- **Raw data**:
:::

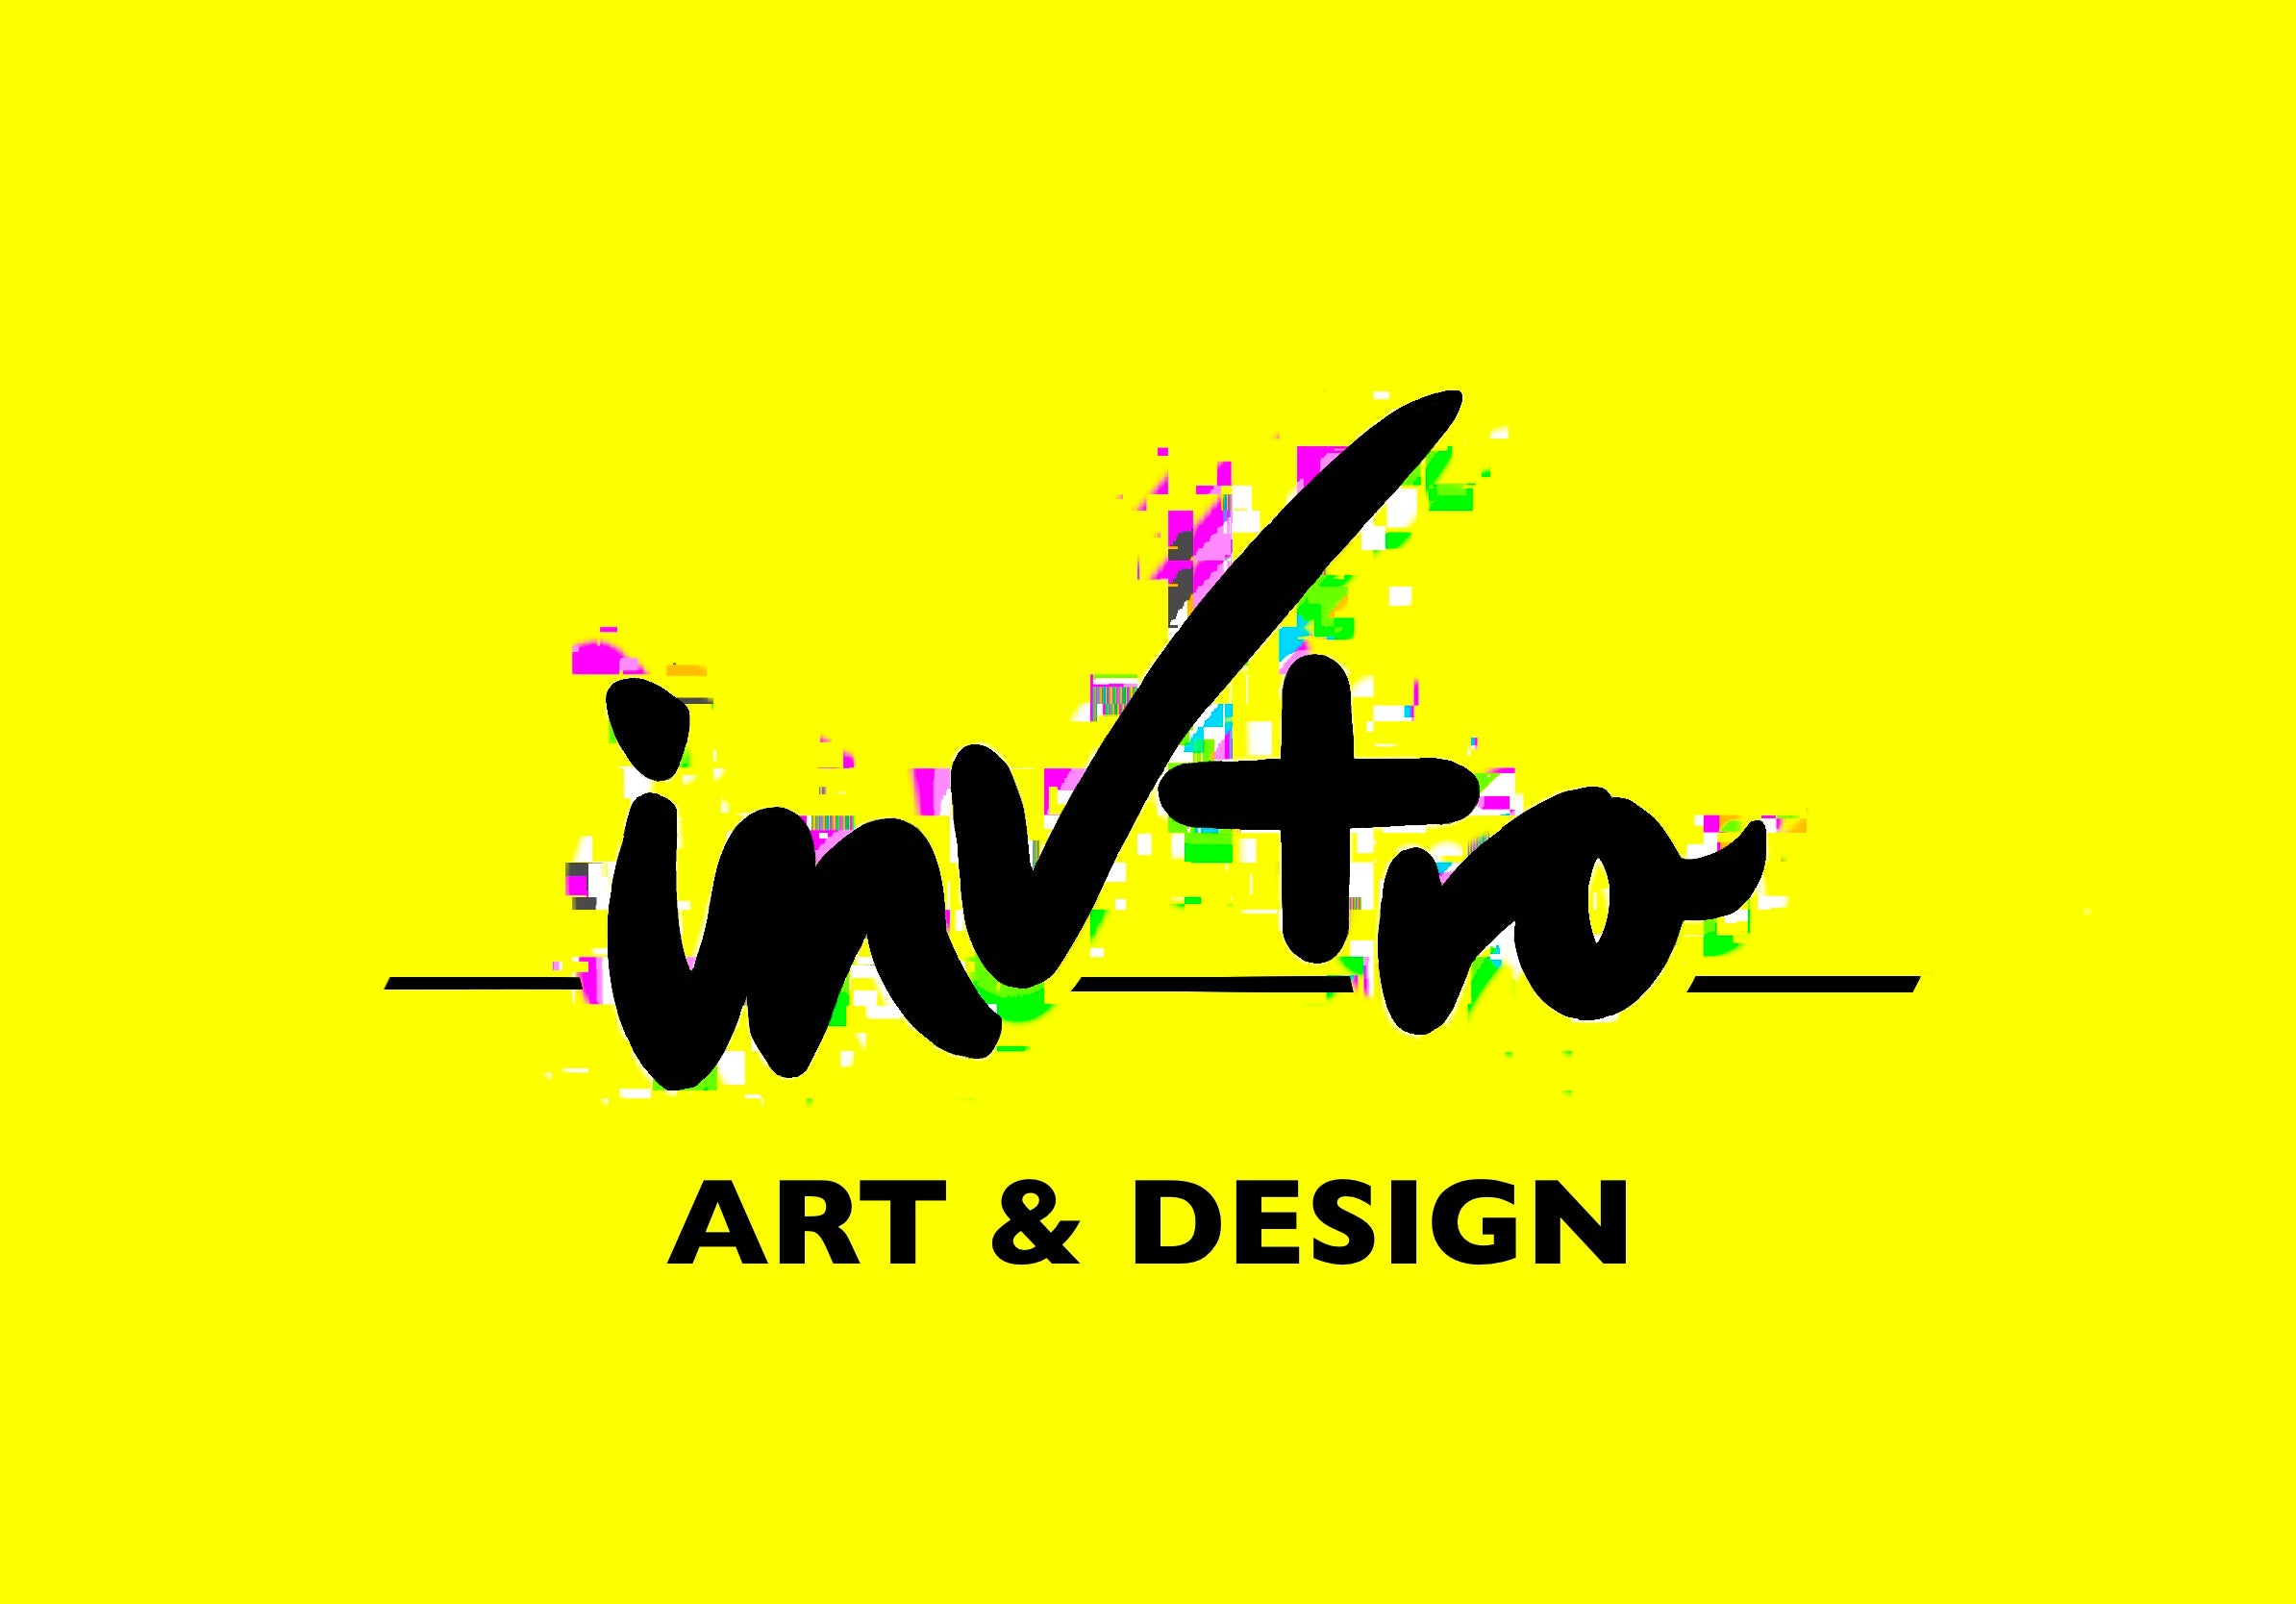 inVtro Art & Design
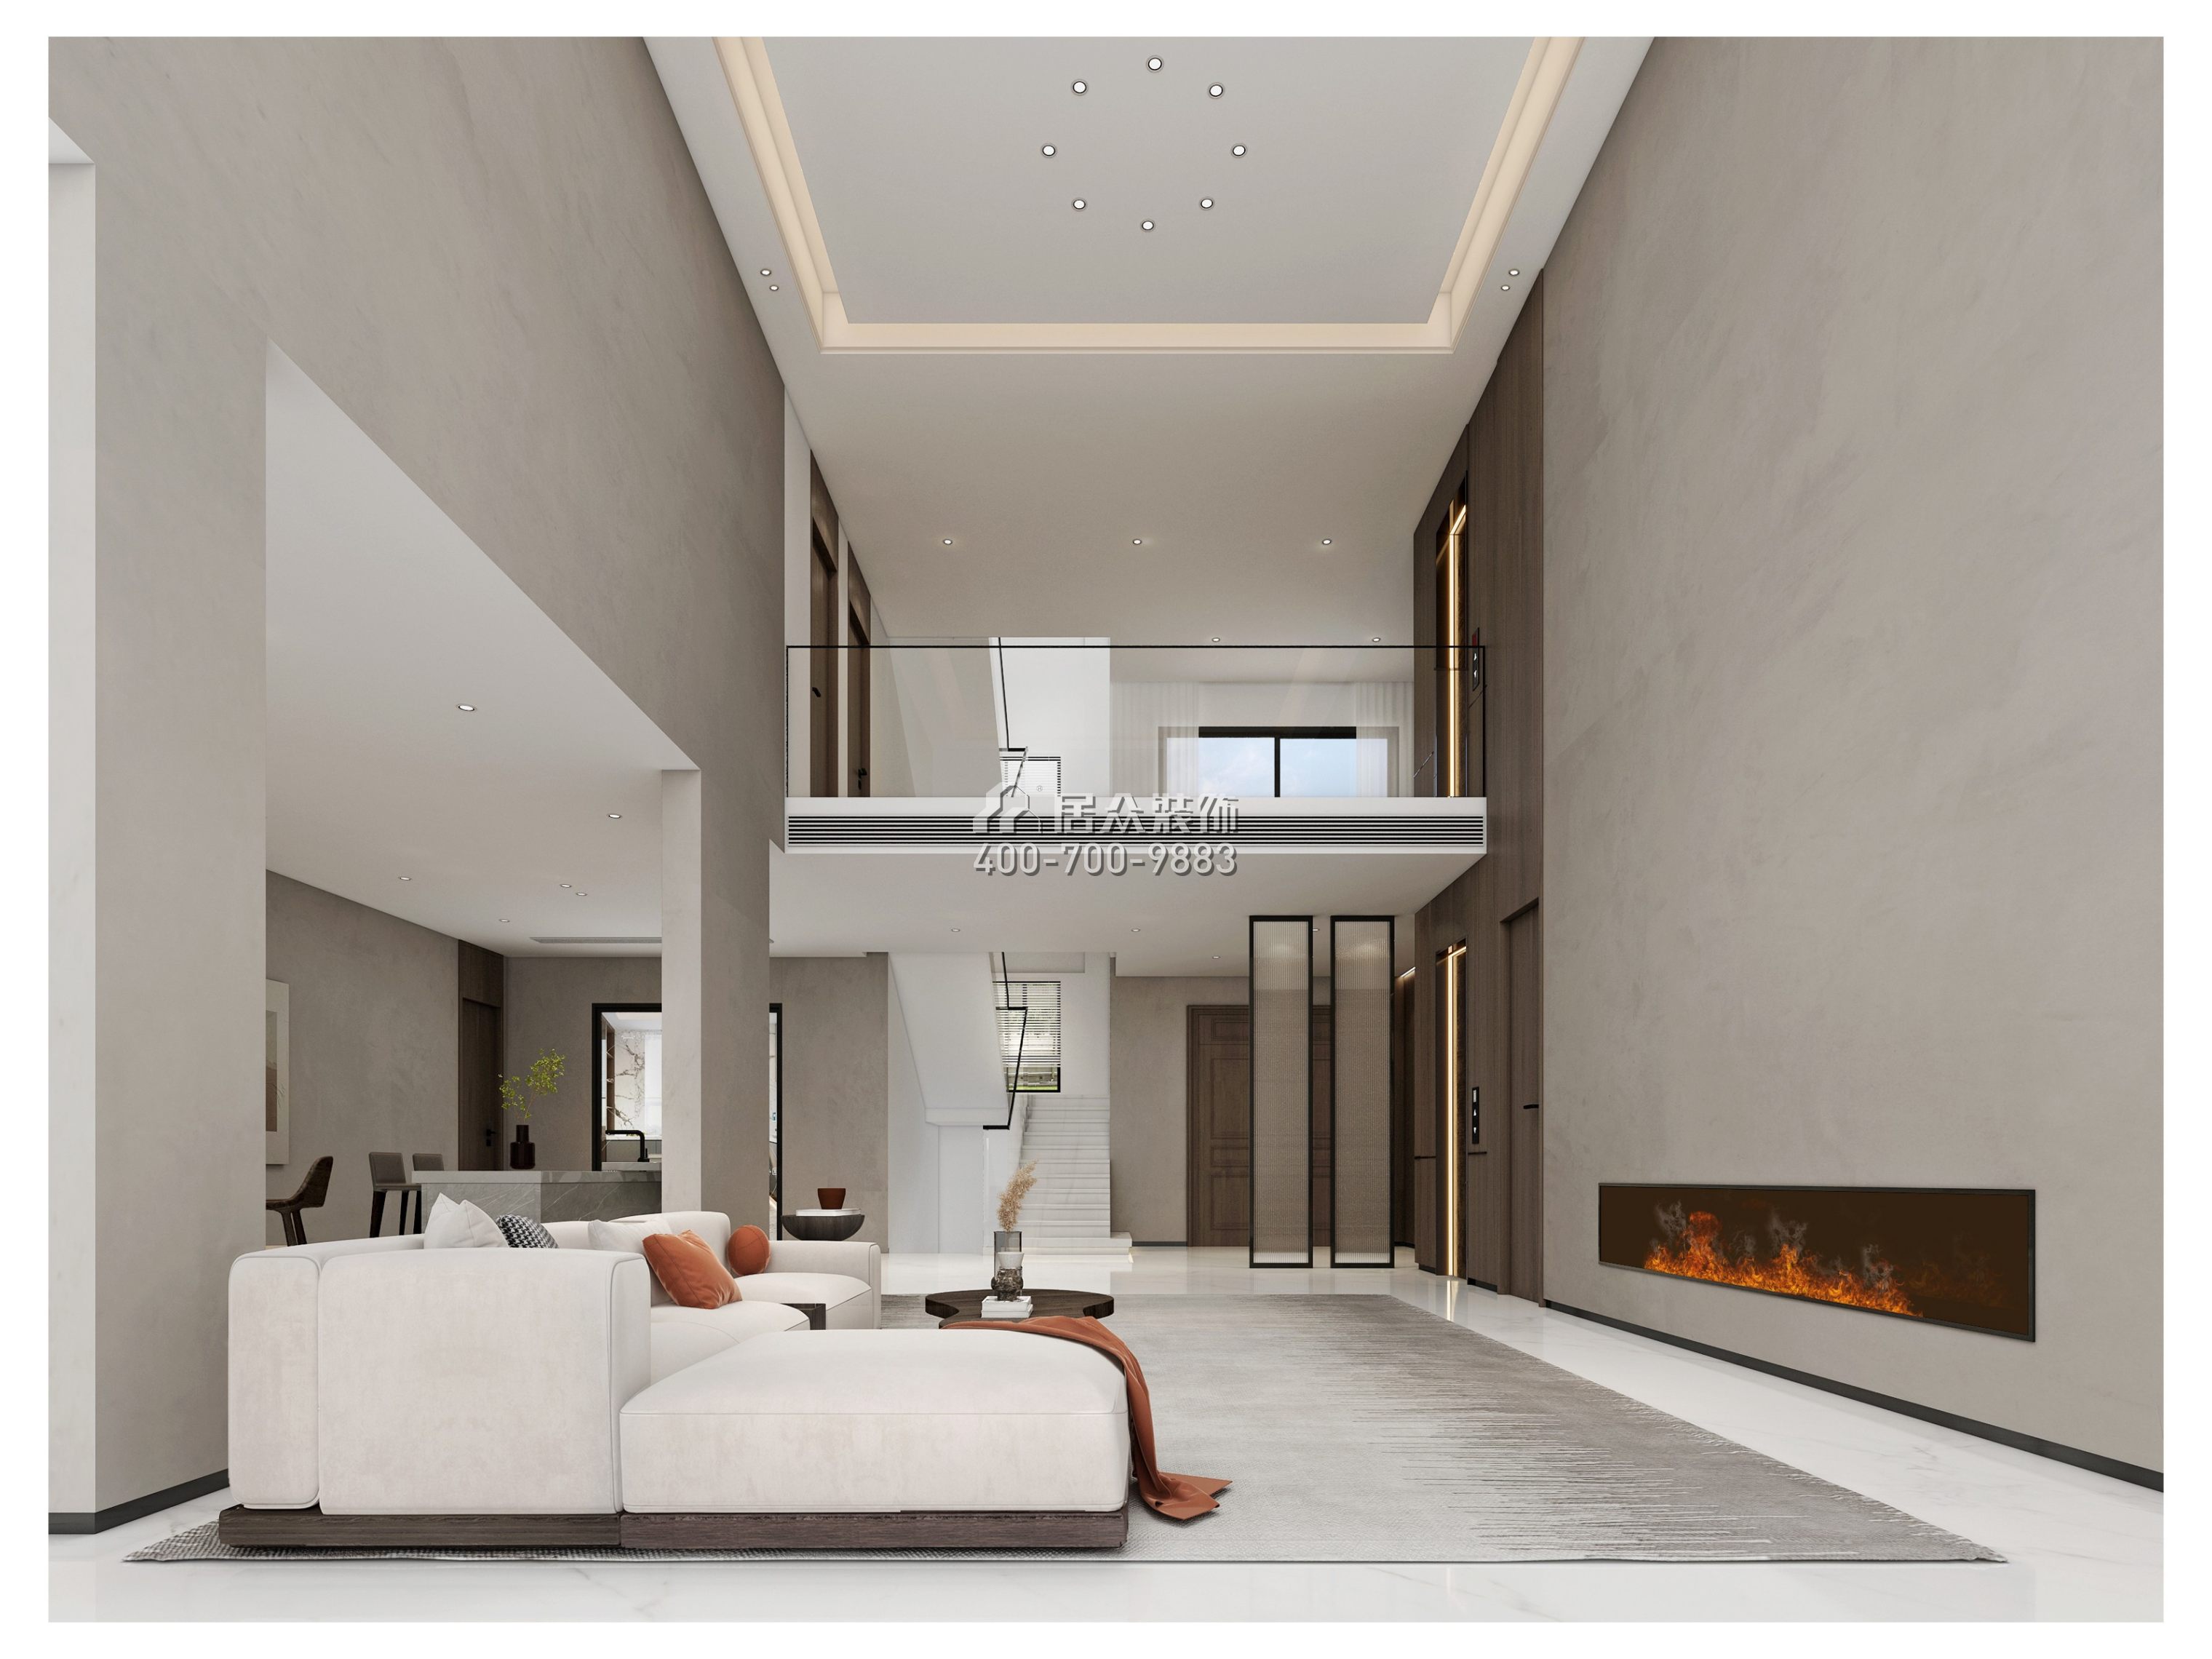 海逸豪庭御峰560平方米現代簡約風格別墅戶型客廳裝修效果圖
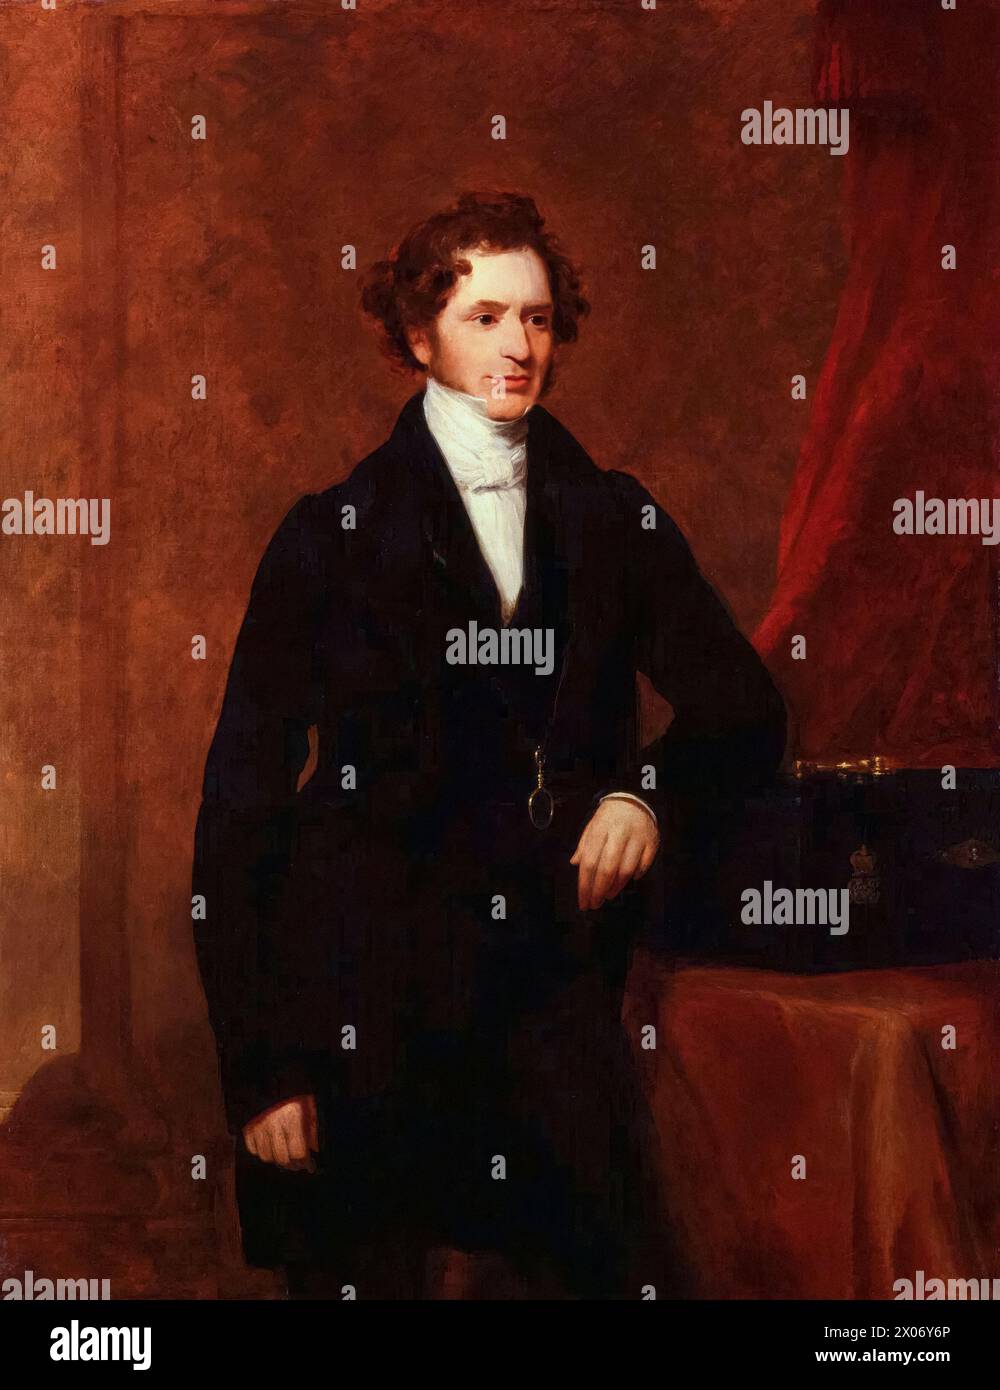 Edward Smith-Stanley, XIV conte di Derby (1799-1869), noto come "Lord Stanley", servì tre volte come primo ministro del Regno Unito nel 1852, 1858-1859, e 1866-1868, ritrattista in olio su tela di Frederick Richard Say, 1844 Foto Stock
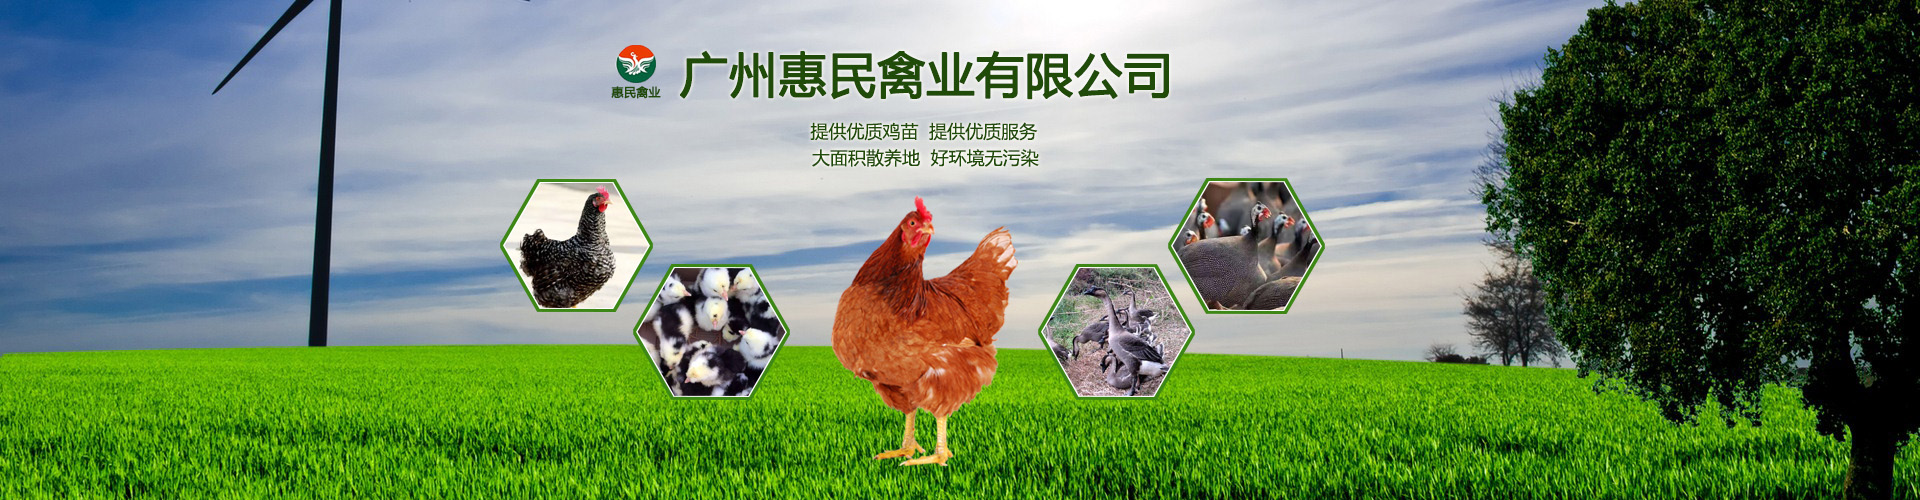 广州惠民禽业有限公司

:::

- **Directions for this task**: With every picture left out, print exactly the lines from the one containing "海逸豪庭御峰560平方米現代簡約風格別墅戶型客廳裝修效果圖" through the final line of the material above.

- **Finished exercise**:
 海逸豪庭御峰560平方米現代簡約風格別墅戶型客廳裝修效果圖
 Edward Smith-Stanley, XIV conte di Derby (1799-1869), noto come "Lord Stanley", servì tre volte come primo ministro del Regno Unito nel 1852, 1858-1859, e 1866-1868, ritrattista in olio su tela di Frederick Richard Say, 1844 Foto Stock
 广州惠民禽业有限公司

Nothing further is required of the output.